Please provide a citation for Madhava being "considered the father of mathematical analysis" . . . I know of no printed sources that make a reasonable claim of this . . . the father of analysis as we know them today are more likely to be consider Karl Weierstraß, as he was interested in the basis of the Calculus . . . before his time, there were no clear definitions regarding the fundamentals of calculus, and thus theorems could not be properly proven. Madhava in contrast, like many before him, merely introduced the idea of infinity to certain classes of functions, like many after him would do before analysis was put on a firm footing. Arundhati bakshi 18:45, 24 March 2006 (UTC)[reply]

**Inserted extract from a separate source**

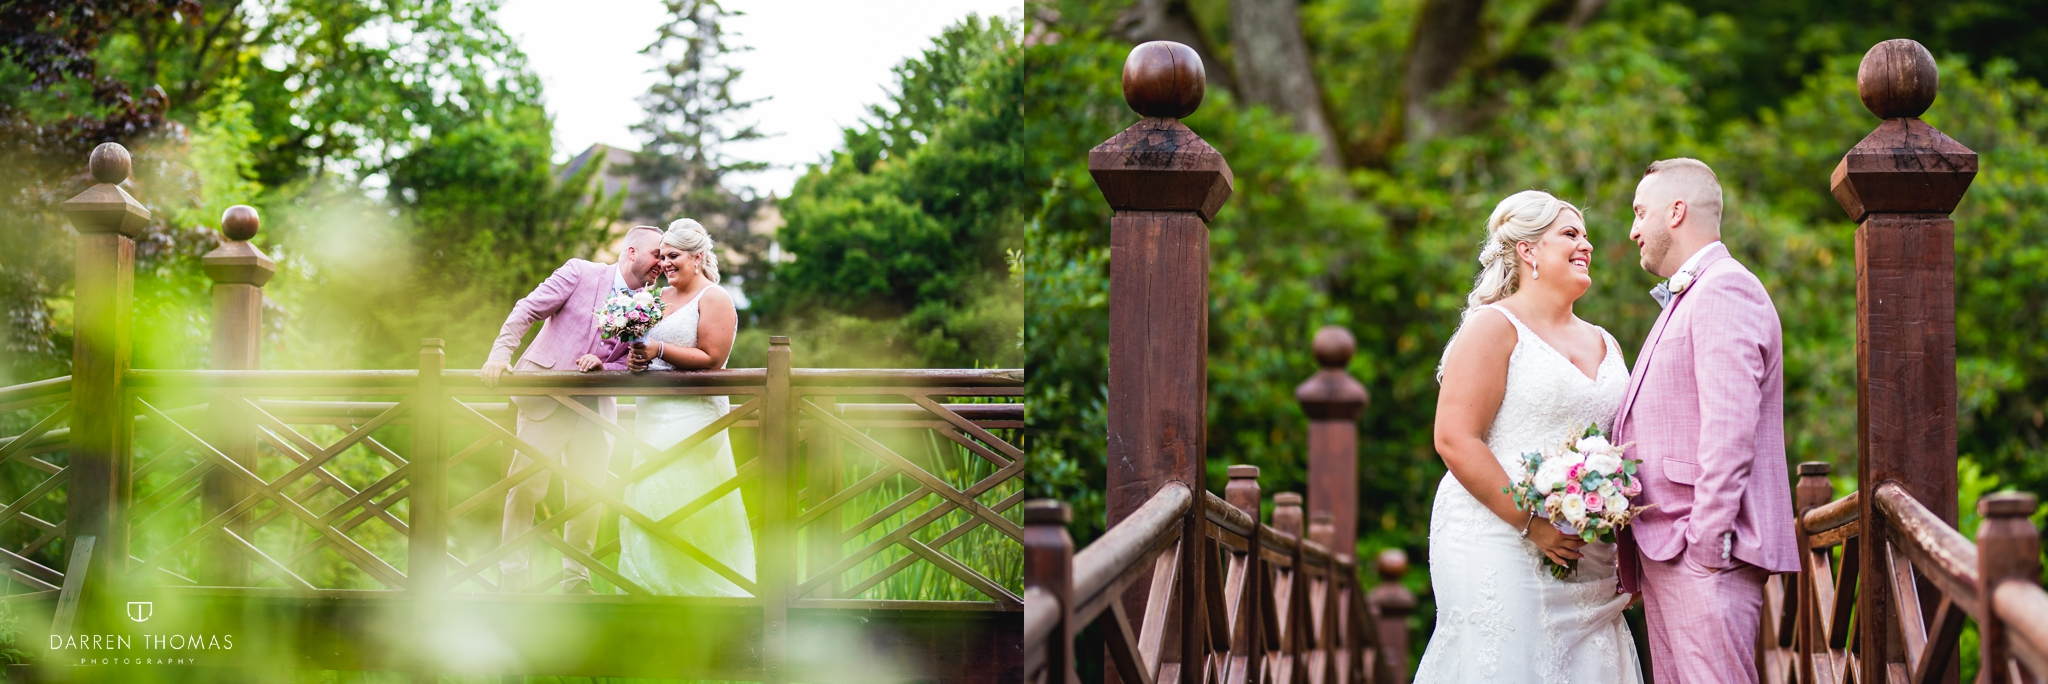 Bryngarw House Wedding Photography17.jpg

See Mathematical analysis and it's talk page for more detail (and a printed source for the claim). Also see [1] highlighting all pioneers in analysis - it considers Madhava the founder of mathematical analysis in contrast with Weierstrass as father of modern analysis. Weierstrass' page also says the same. --Pranathi 00:29, 6 April 2006 (UTC)[reply]

Hi, I put these questions on the Kerala school.

Could we get some cleanup on the maths stuff?


  • Infinite series expansions of functions.
Ok. How? By Taylor series? Fourier series?
  • The power series.
Power series of what?
  • The Taylor series.
Taylor series of what? There are 4 or 5 trigonmetric functions listed below.
  • Trigonometric series.
...
  • Rational approximations of infinite series.
...
  • Taylor series of the sine and cosine functions (Madhava-Newton power series).
Ok. Wouldn't that fall above?
  • Taylor series of the tangent function.
Likewise
Likewise?
  • Second-order Taylor series approximations of the sine and cosine functions.
What's the 2nd order Taylor series? If the "1st order" is just sin(x) ~ x, then the second order would be sin(x) ~ x + x^3/3!.
  • Third-order Taylor series approximation of the sine function.
So that would be sin(x) ~ x + x^3/3! + x^5/5! ?
  • Power series of π (usually attributed to Leibniz).
Which one? π = 4/1 - 4/3 + 4/5 - ...
  • Power series of π/4 (Euler's series).
Which one? Does this mean Leibniz above?
What radius?
What diameter?
What circumference?
  • Power series of angle θ (equivalent to the Gregory series).
??? What does this mean?
Ok. As solutions to quadratics? Cubics?
As solutions to ...
Which transcendental number?
Ok...
  • Correctly computed the value of π to 11 decimal places, the most accurate value of π after almost a thousand years.
Ok...
  • Sine tables to 12 decimal places of accuracy and cosine tables to 9 decimal places of accuracy, which would remain the most accurate upto the 17th century.
Ok...
  • A procedure to determine the positions of the Moon every 36 minutes.
Ok...
  • Methods to estimate the motions of the planets.
Ok
Including the fundamental theorem of calculus? Which rules? Integration of polynomials?
  • Term by term integration.
Ok
  • Laying the foundations for the development of calculus, which was then further developed by his successors at the Kerala School.
...

Thanks! --M a s 01:57, 12 May 2006 (UTC)[reply]

Obvious Thing

Okay in the article, the expansion for pi/4 is a direct result of the Madhava-Gregory series(theta=pi, n=1), but the article points to some expansion of the arctangent as the source. Is this a mistake?

Disputed

None of the questions under Put on Kerala School have been answered.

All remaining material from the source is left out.